當「計算」終於被說清楚，他就能問出一個更鋒利的問題——並得到一個驚人的答案。他找到了一個用純粹數學語言陳述的問題，它的答案總是非是即否，然而沒有任何程序，能在每一種情形下都給出正確的答案。不是「我們還沒找到」，而是「它不可能存在」。這是真正嶄新的東西：一個被證明超出一切方法之外的問題。

它是如何誕生的

1920 年代，偉大的數學家大衛·希爾伯特立下了一份綱領：把全部數學安放在一個穩固到——原則上——可以用一套機械程序去判定任何命題真假的根基之上。那是一個對「整潔、可被徹底知曉的數學」滿懷信心的夢。然後，1930 年代把它拆了個稀爛。1931 年，庫爾特·哥德爾證明：沒有任何一致的系統能證明關於算術的全部真理。幾年後，在普林斯頓工作的阿隆佐·邱奇，瞄準了希爾伯特那夢想的剩餘部分——「判定問題」。

為了攻它，邱奇和他的學生斯蒂芬·克萊尼、J·巴克利·羅瑟，花了多年發展 λ-演算。克萊尼證明它所計算的函數，與另一種對手定義（「遞迴」函數）所計算的恰好相同，這份吻合，給了邱奇底氣去宣布「可計算性」究竟是什麼。數月之後，一位名不見經傳的英國年輕人——艾倫·圖靈——從一個全然不同的方向撞上了同一堵牆：他設想出一台讀紙帶的簡單機器；而兩邊的答案，結果竟是同一個。他們合起來的裁決，便是邱奇–圖靈論題。

它為何重要

這裡，正是電腦科學拿到其根基之處——比第一台電子計算機還早了幾十年。透過把「計算」究竟意味著什麼說清楚，邱奇讓人得以嚴格地證明：電腦能做什麼、又不能做什麼。而被證明的頭一件事，便是一道極限：有些問題提得明明白白，卻沒有任何程序能夠了結它們。每當一個工具說，它一般而言無法判斷你的程式會不會崩潰、會不會陷入死迴圈，它撞上的，正是邱奇在 1936 年劃下的那道邊界。

一個可以想像的畫面

想想一份菜譜：一串有限的、毫不含糊的步驟，一位有耐心的廚師無須任何機靈就能照做，每次都做出同一道菜。邱奇的主張是：「可計算」恰恰意味著「有這樣一份菜譜」。現在，想像一個問題：「照著這份菜譜做下去，到底會不會真正做完？」對某些菜譜，你一眼就看得出答案；但邱奇證明了：不存在一份「萬能菜譜」，能在拿到任意一份菜譜時，總是正確地告訴你它會不會做完。這位檢查者得勝過每一份菜譜，包括那些巧妙地自我指涉的——而沒有任何菜譜辦得到這一點。

它的位置

邱奇的這篇論文，是一組非凡三重奏的一角。哥德爾（已在本館中）證明了真理跑在證明之前；邱奇證明了「可解性」自有其堅硬的極限；而艾倫·圖靈，在同一年，用他設想的機器重鑄了同一道邊界——那是此後每一台計算機的藍圖。把這三者合起來讀，1930 年代的它們，描繪出了「推理與機械所能為」的外緣。從香農的資訊論到今天的軟體，一切都活在它們圈出的那片空間之內。

The original document

Original source text

引言——這個問題

Alonzo Church · An Unsolvable Problem of Elementary Number Theory · Amer. J. Math. 58 (1936): 345–363

There is a class of problems of elementary number theory which can be stated in the form that it is required to find an effectively calculable function f of n positive integers, such that f(x₁, x₂, …, xₙ) = 2 is a necessary and sufficient condition for the truth of a certain proposition of elementary number theory involving x₁, x₂, …, xₙ as free variables.
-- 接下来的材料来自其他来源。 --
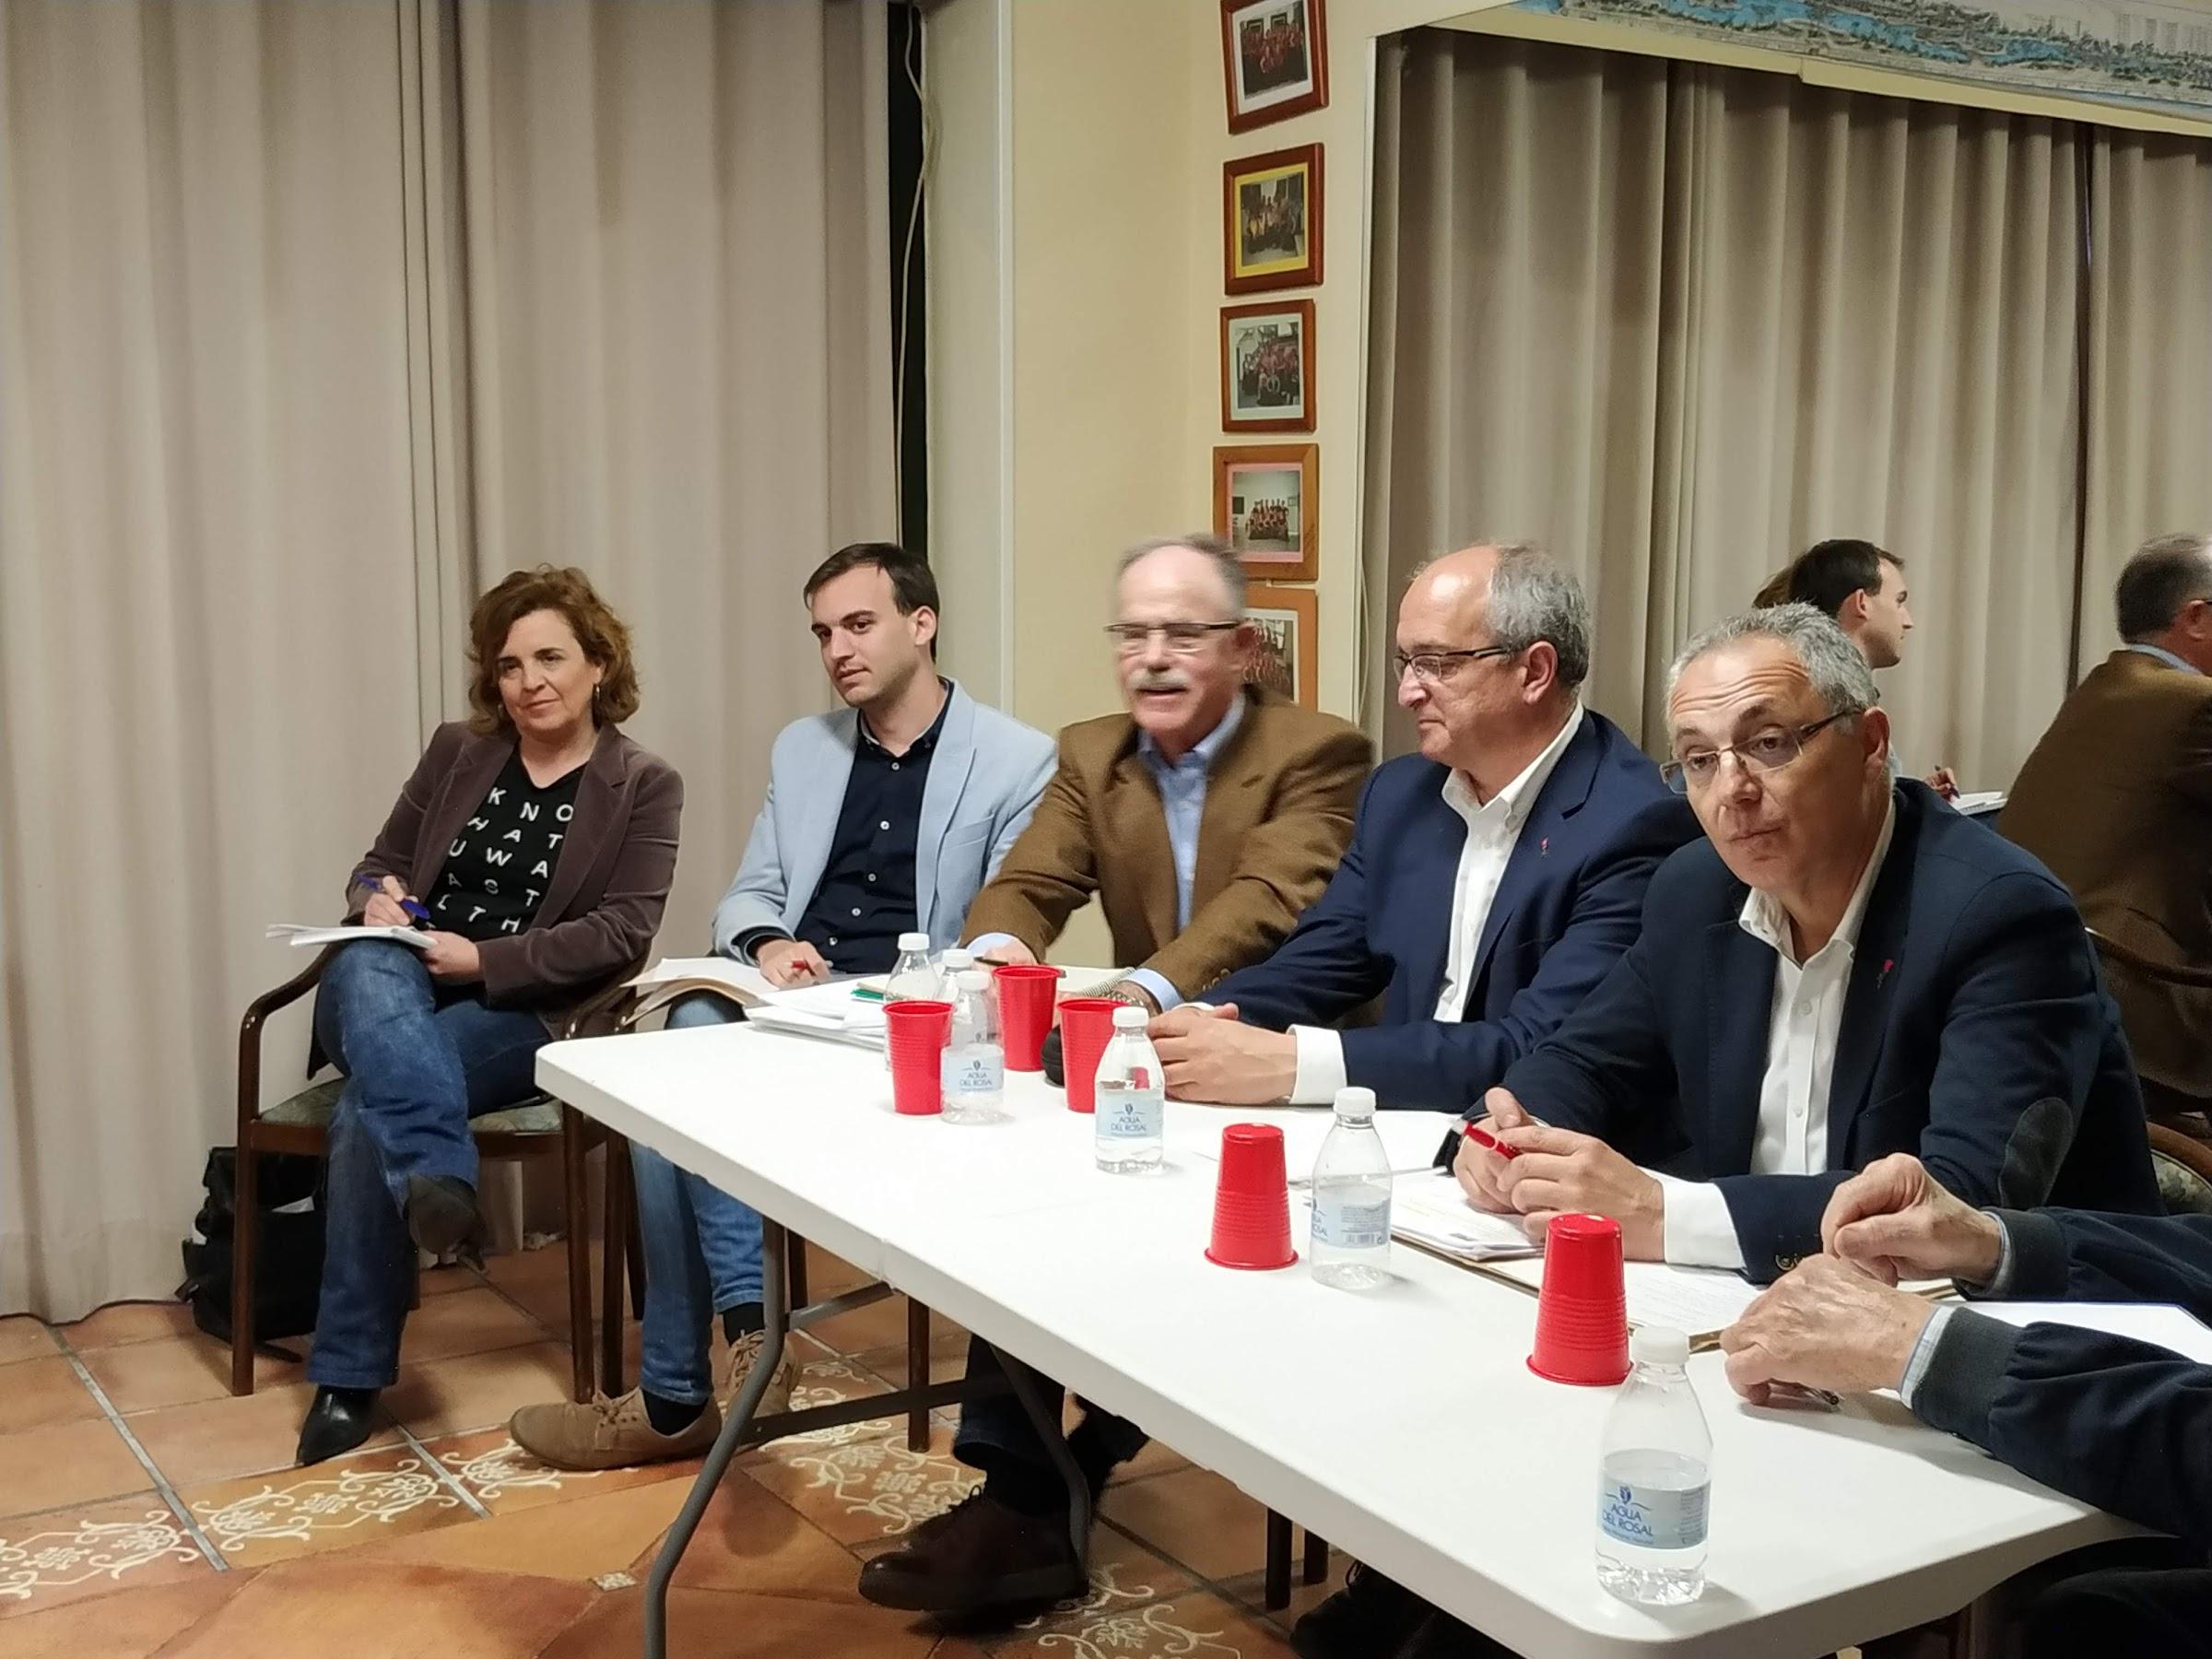 Las propuestas para mejorar Algeciras protagonizan la reunión entre el PSOE y Fapacsa
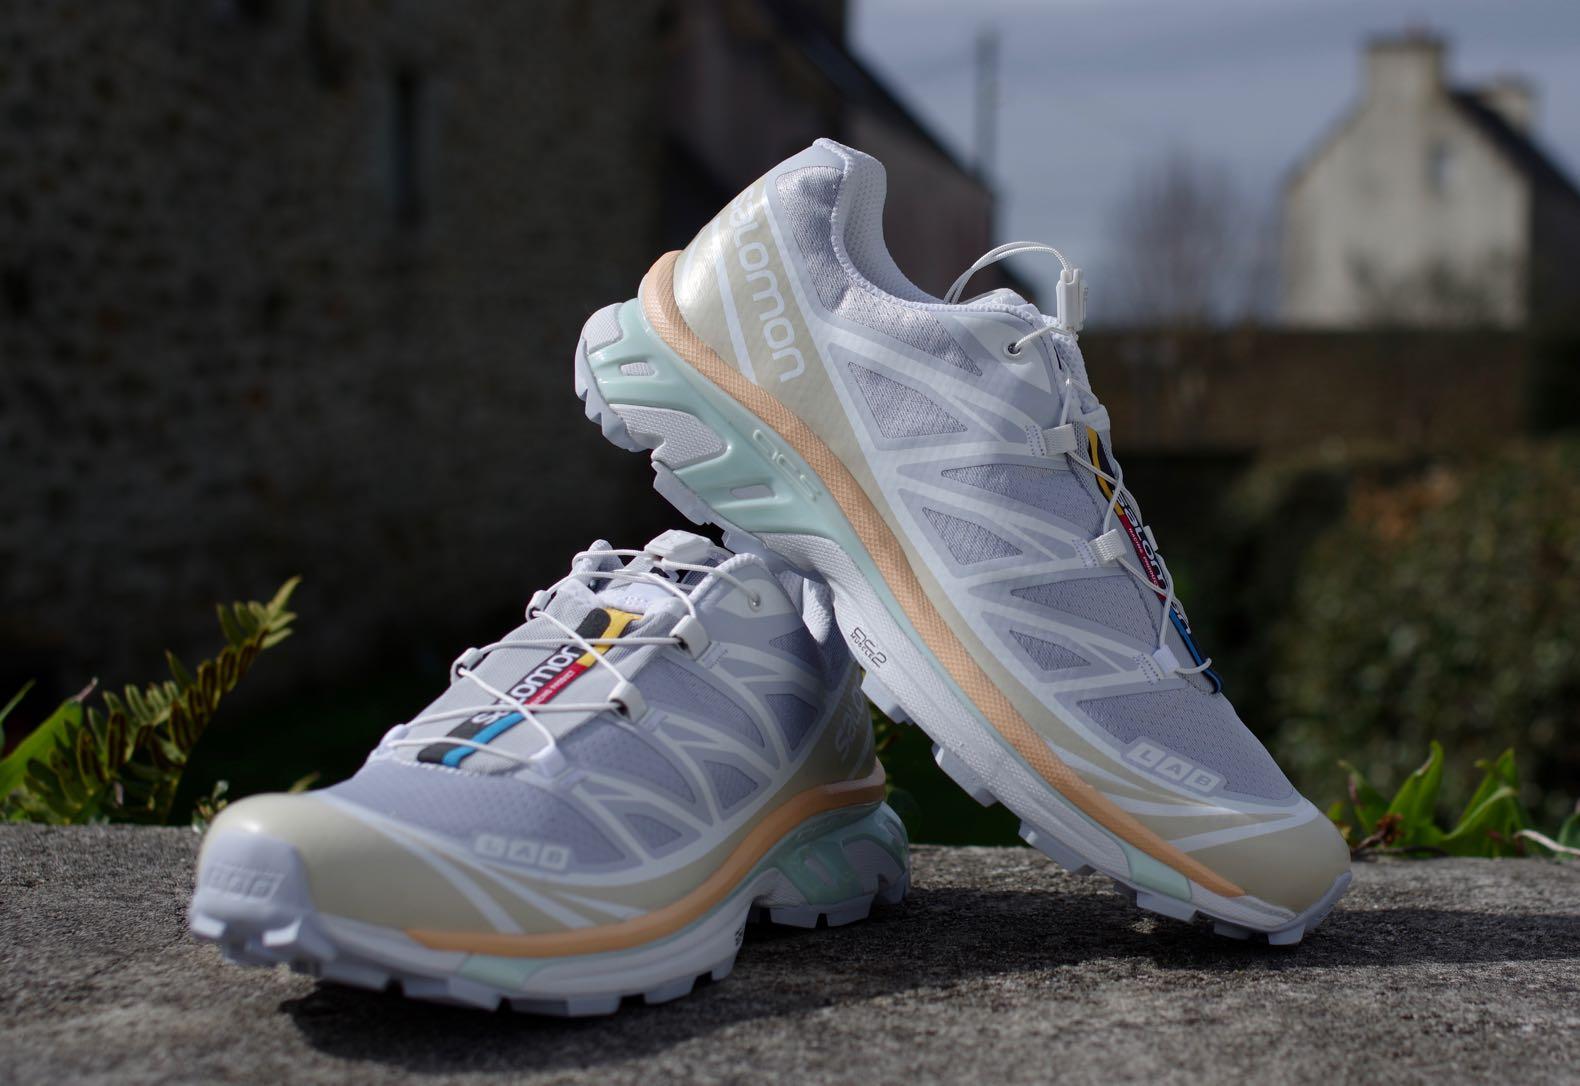 sneakers salomon advanced blanche en goretex xt-6

The purpose of the present paper is to propose a definition of effective calculability which is thought to correspond satisfactorily to the somewhat vague intuitive notion in terms of which problems of this class are often stated, and to show, by means of an example, that not every problem of this class is solvable.

那個定義（邱奇論題）

§7 · The definition of effective calculability (p. 356)

We now define the notion, already discussed, of an effectively calculable function of positive integers by identifying it with the notion of a recursive function of positive integers (or of a lambda-definable function of positive integers).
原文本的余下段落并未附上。